What happens when jobs run out?


Robotics and AI (artificial intelligence) will replace service and manufacturing jobs at an ever increasing rate as technology advances.

In just four years…

A net loss of 5.1 million jobs is predicted by 2020 as a result of developments in genetics, artificial intelligence, robotics and other technological change, according to World Economic Forum research. (Announced at Davos Forum, 18 Jan 2016)


Experts predict robots will take over 30% of our (i.e. American] jobs by 2025” (Kathleen Elkins, http://www.businessinsider.com, May 1, 2015)

Robotics has already cut into manufacturing and agricultural jobs – especially factory jobs (automobile, etc.).

Service jobs are not immune:

Amazon has already deployed 10,000 robot workers, and Google and Foxconn are working on displacing factory workers with robots (David Cardinal, http://www.extremetech.com, May 30, 2014)

Drones could potetially replace various delivery services.
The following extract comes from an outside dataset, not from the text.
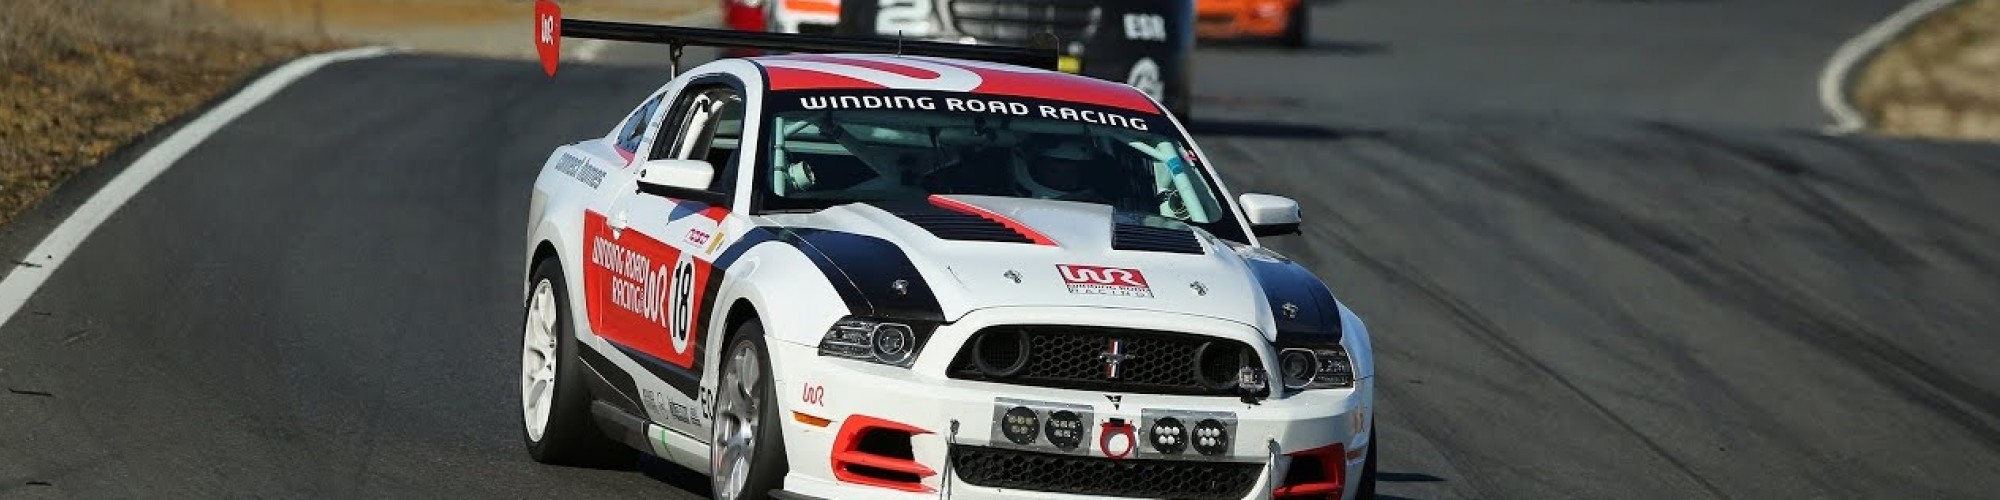 Winding Road Racing cover image

Domestic services (cleaning, washing) are ideal for robots, as well as…

Food and hotel services

Telephone customer assistants

With the development of self-driving cars, how about…

  • Street cleaning?
  • Garbage collection?
  • Taxis and other transport means?

Robots even offer financial services the benefits of accuracy and incorruptibility (they won’t steal!).

Can this be prevented?

Well, for all its current benefits (to many, if not all), free market capitalism – by its very nature – is fundamentally geared to profit maximization.

Robotics and AI promise exactly that.

And this all could well spell the end of the capitalist free market system!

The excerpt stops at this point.